Это заявление раскрывало ему глаза на многое. Ничего подобного он даже представить себе не мог, давая согласие Батулли на работу в музее. Он допускал, что Батулли оказывал ему такую милость по вполне понятным соображениям, — желая быть поближе к его дочери Назире-хон. Казались ему в какой-то степени обоснованными и рассуждения о «собирании распыленных тяжелым прошлым узбекских культурных кадров…»
Юсуп считал и себя одним из этих «распыленных».
Голова кругом пошла у него, когда в заявлении Любови Прохоровны он прочитал об «…организации музея, как места, где можно было бы скрывать нужных националисту Амиджану Нур-Батулли людишек…» Она не знает, какую «роль играет директор музея — человек лояльный и будто искренний», но о референте Федорченко-Преображенском говорит, как о тайном сообщнике Нур-Батулли. С мельчайшими подробностями передает она подслушанный ею разговор референта с каким-то неизвестным; по описанию его внешности Юсуп догадался, что это тот самый приезжий, которого референт называл своим «старым другом», инженером.
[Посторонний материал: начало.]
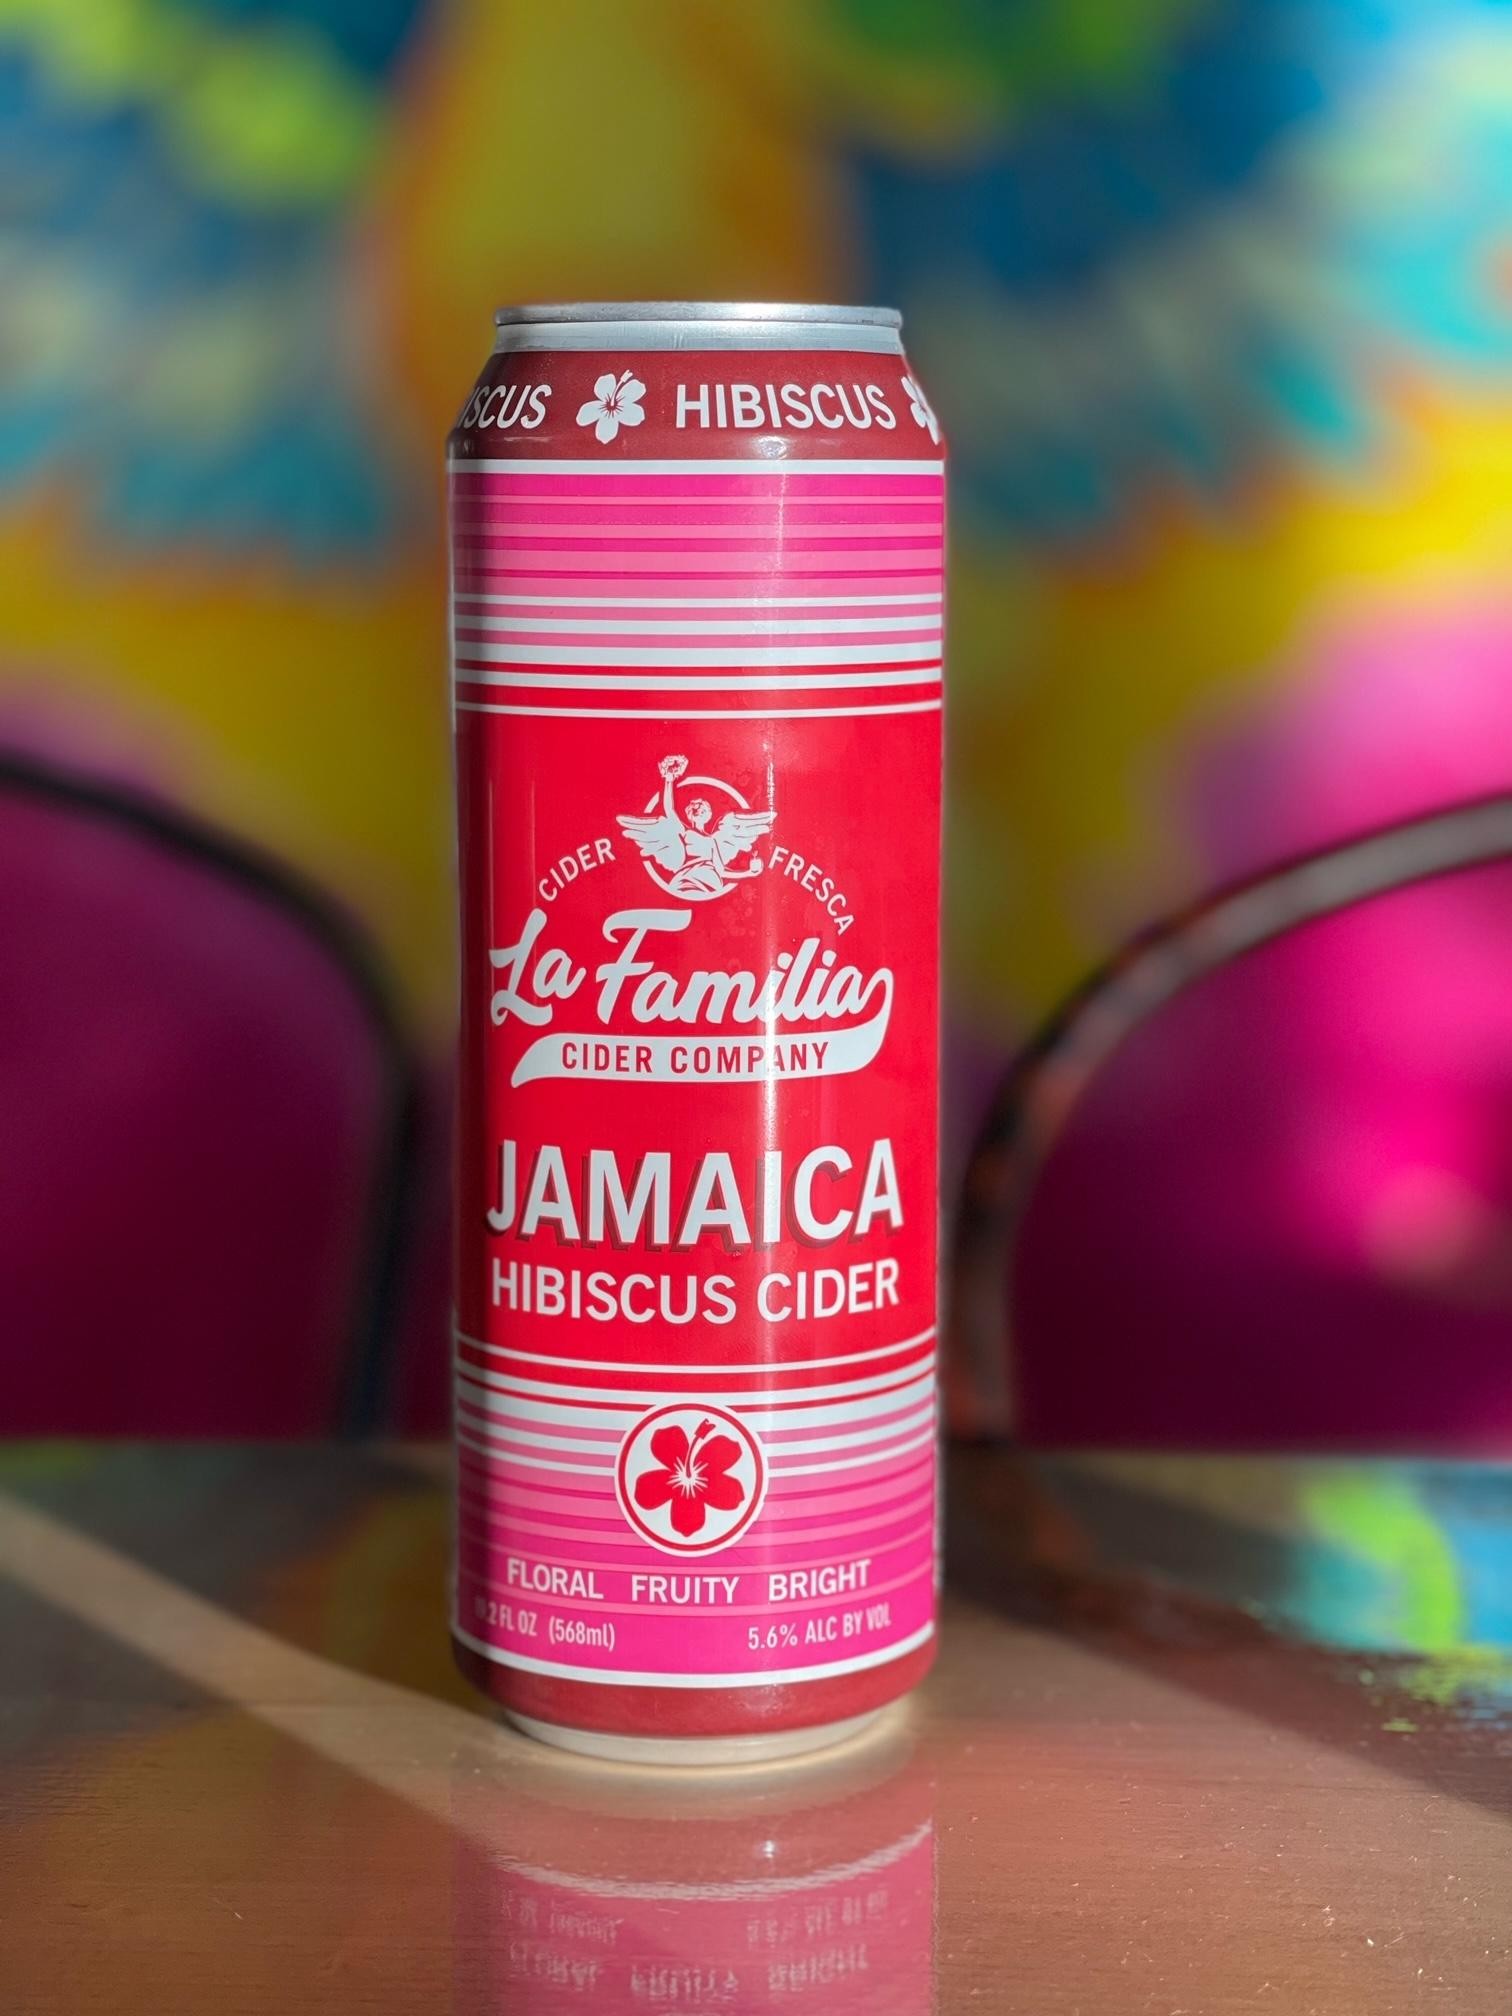 La Famalia Cider: Jamaica

Рождение «под созвездием человеческой искренности» подсказало Алиеву, как надо поступить с копией заявления Любови Прохоровны. Ему было ясно, что само заявление уже давно находится в органах ГПУ. Разговаривая в тот день и особенно в ночные часы с Батулли, Юсуп все время прислушивался, поглядывал на окна, ждал. Для себя он сделал все выводы.
Копию заявления Любови Прохоровны, после ночного разговора с Нур-Батулли и всестороннего его обдумывания, Юсуп-Ахмат Алиев послал со своим письмом Саиду-Али Мухтарову. Мария торжественно поклялась отдать это письмо только Мухтарову, да и то без свидетелей.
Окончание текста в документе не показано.